Reflections

A Path I Couldn’t See

There were times when the most loving thing I could do was to let go of all the pieces I had been trying to fit together. I learned to toss it all and trust the right pieces to come back down in each moment.

I learned to trust the part of me that could hold and let go of all of my experiencs. I liked the tenderness of subtle insights and the feeling of connection so much that I was willing to risk taking a path I couldn’t see.

Unsorted

In the Silent Space

The more I listened to life, the more I noticed the part of me that could hold and let go of any experience. There was a softening each time I stood a little more firmly in my heart and dared to linger in the silent space.

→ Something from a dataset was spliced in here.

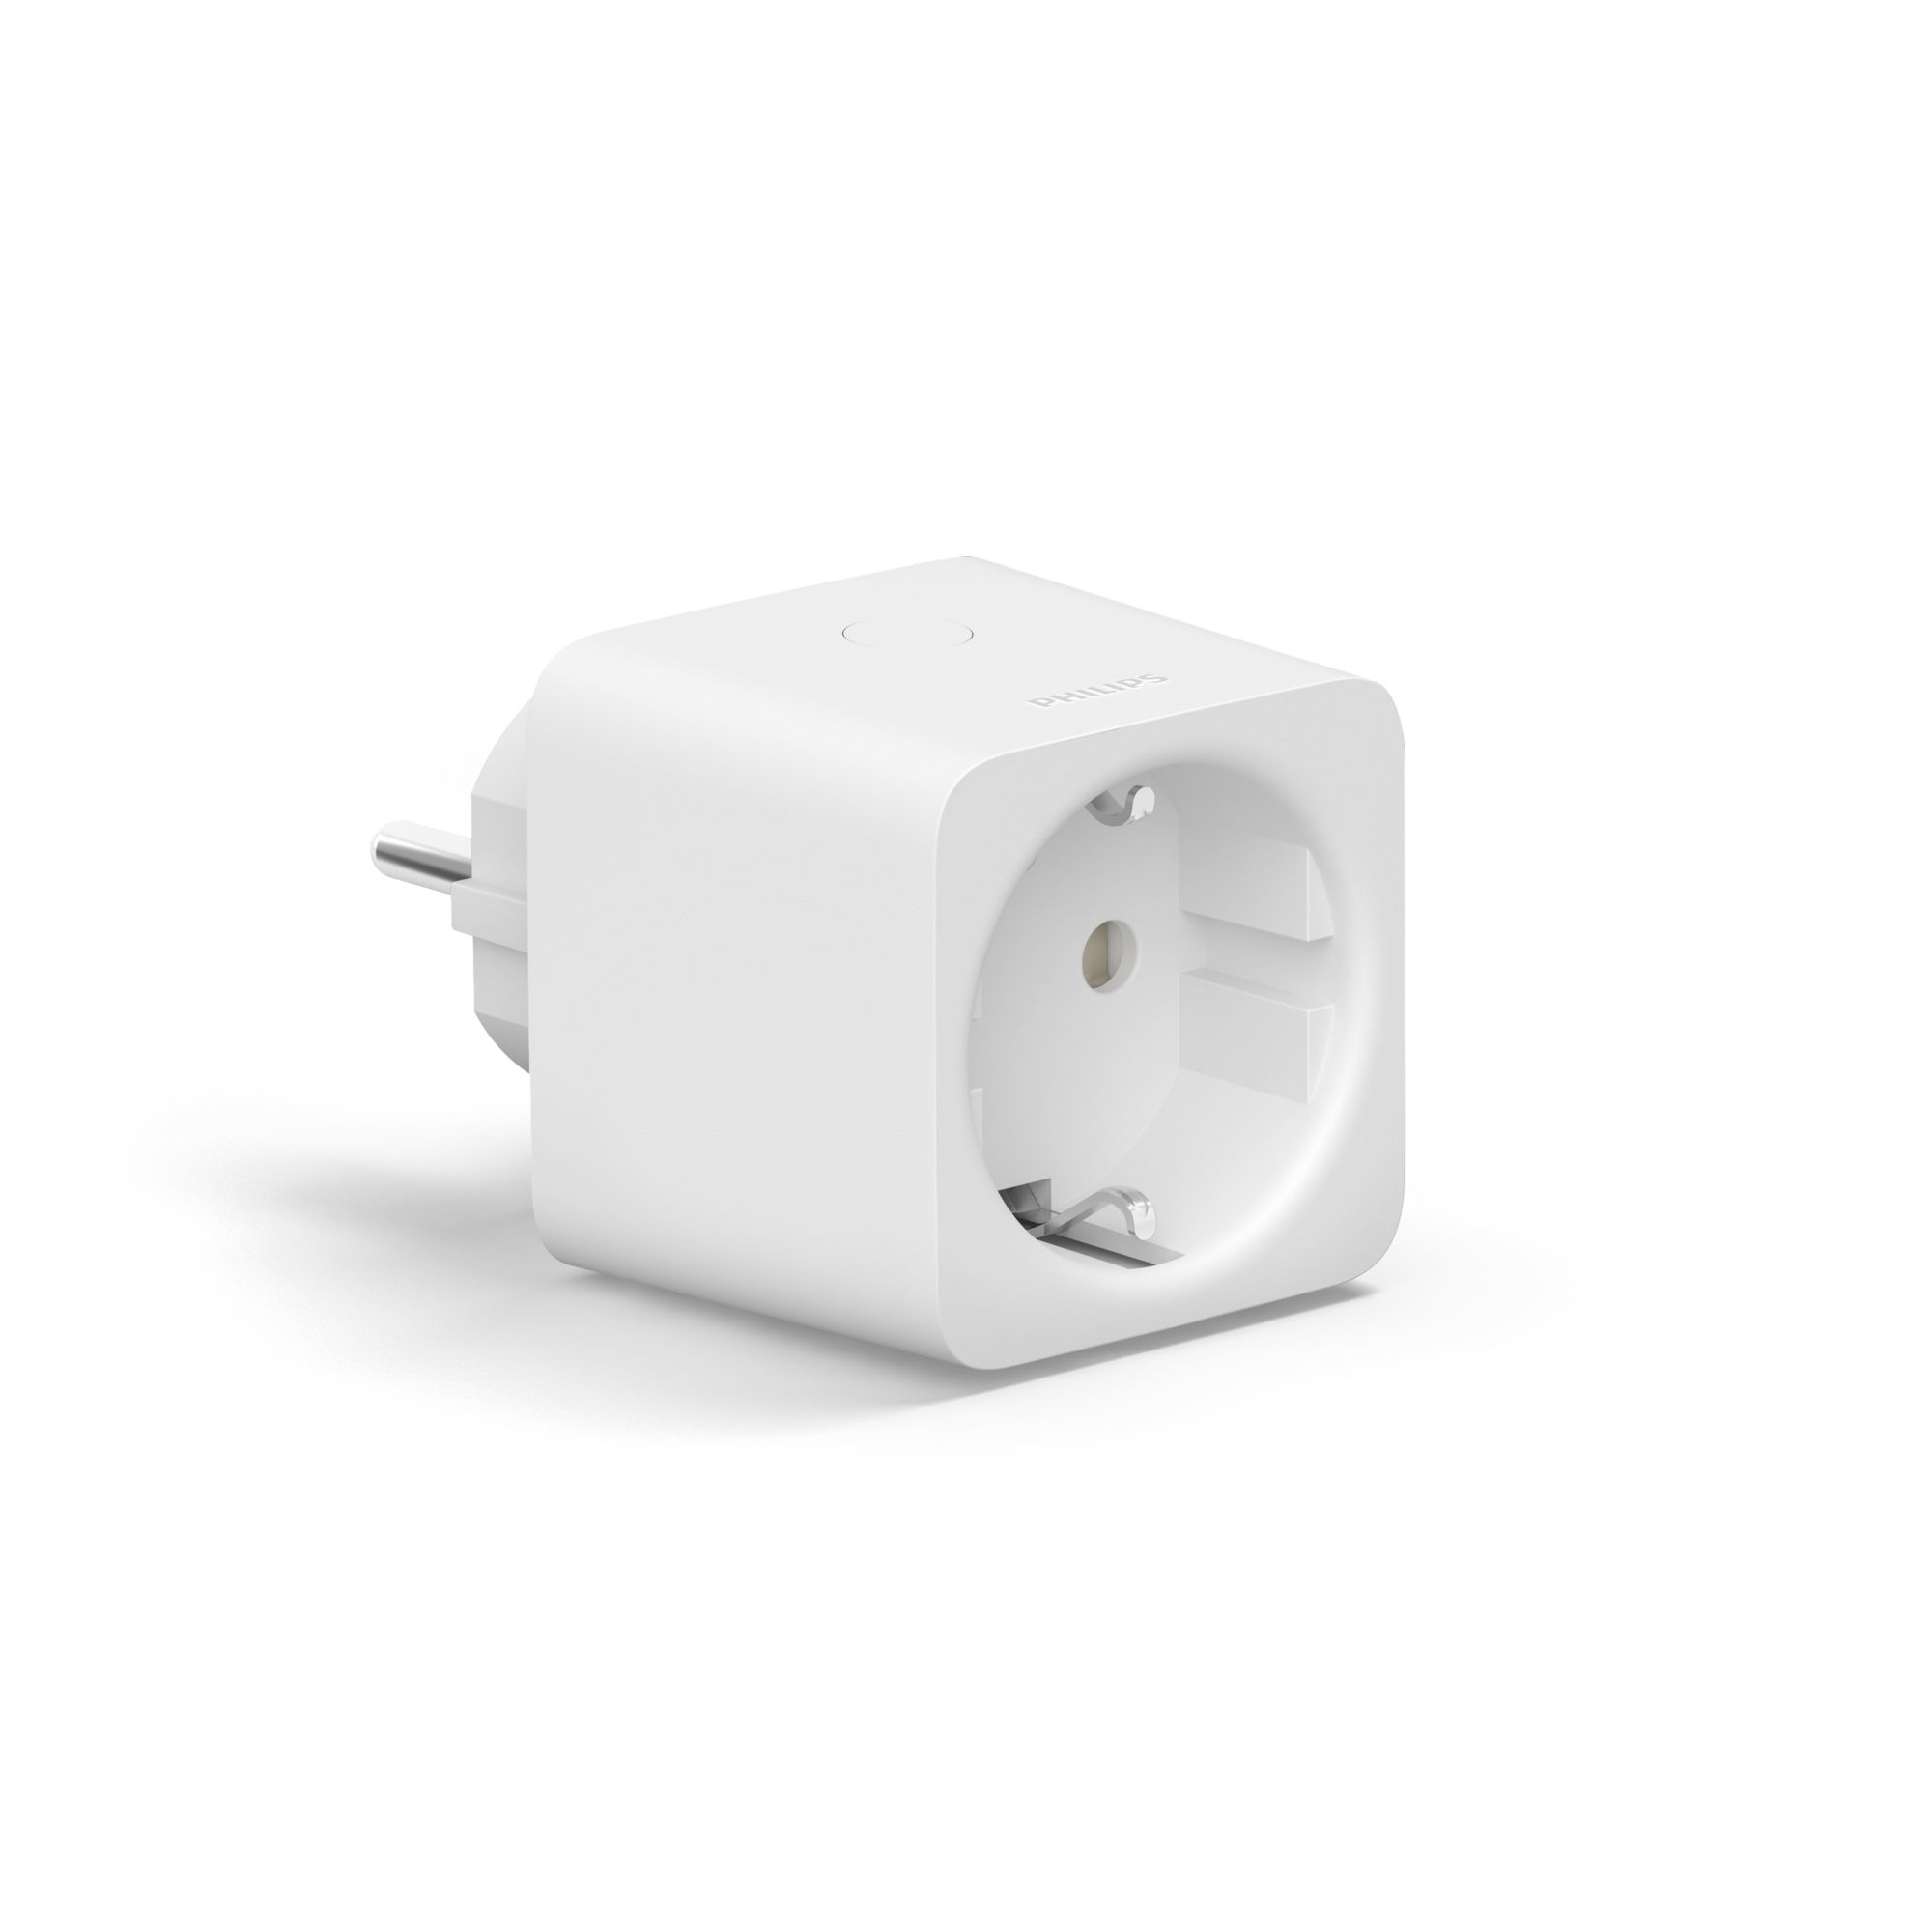 Philips by Signify Smart plug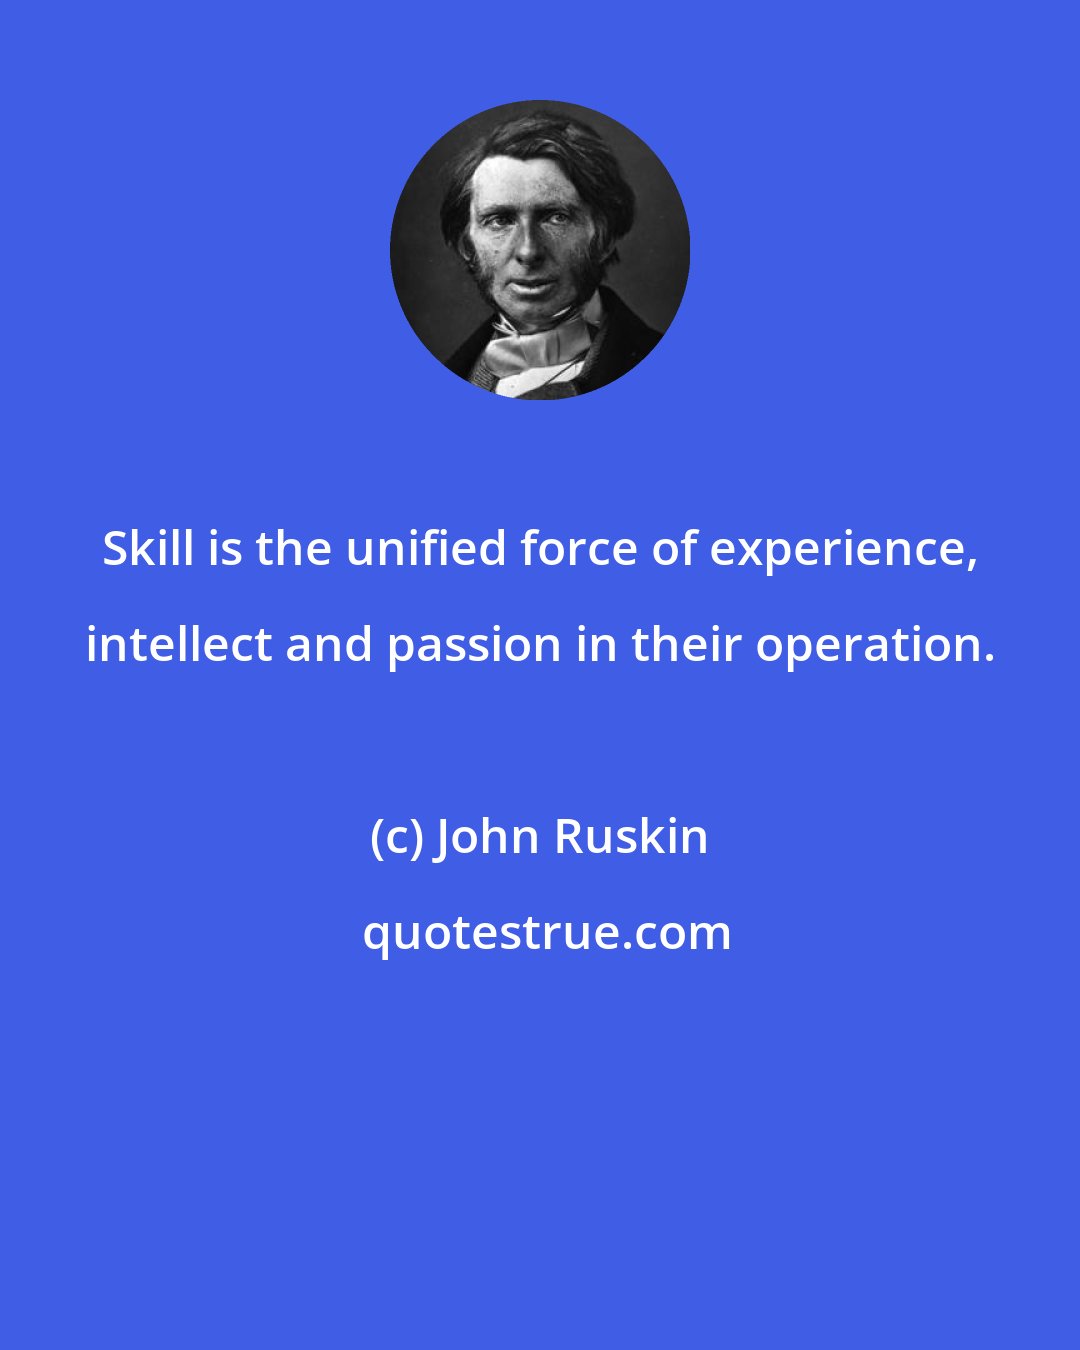 John Ruskin: Skill is the unified force of experience, intellect and passion in their operation.

Words formed out of this place soothed and echoed in places that had seemed unhealable.  And there was tenderness where there had been only pain.

Unfolding

A State of Prayer

There were times when I sensed listening for inner resonance and trusting the quiet whisper of truth in each moment had become a little more important. I had learned the importance of stopping to listen to life and gained a respect for its mystery, but it was during these times when I was called more deeply within that I began to notice just how much I could soften my experience in the world and be in a state of listening prayer in any moment.

Tenderness

Something Beautiful

It took a little practice to become willing to walk a new path. Finding it meant reaching inside for the light needed to take each step. It meant remaining willing to listen to life and feel my way, even through uncomfortable experiences. It meant trusting a whisper of truth to become louder and the most chaotic experiences to soften and be used to create something beautiful, but not all at once and not all alone.

Tenderness

The Path of Tenderness

There was something about walking through a big enough challenge, the kind that forces the choice to go all the way, to put all cards on the table without a guarantee that it would be enough — trusting it would be met by a greater  power.

And there was something about no longer needing such extreme challenges in order to live out this kind of deep surrender. At a certain point, every moment became a prayer of hope — that the path of tenderness might be a little clearer.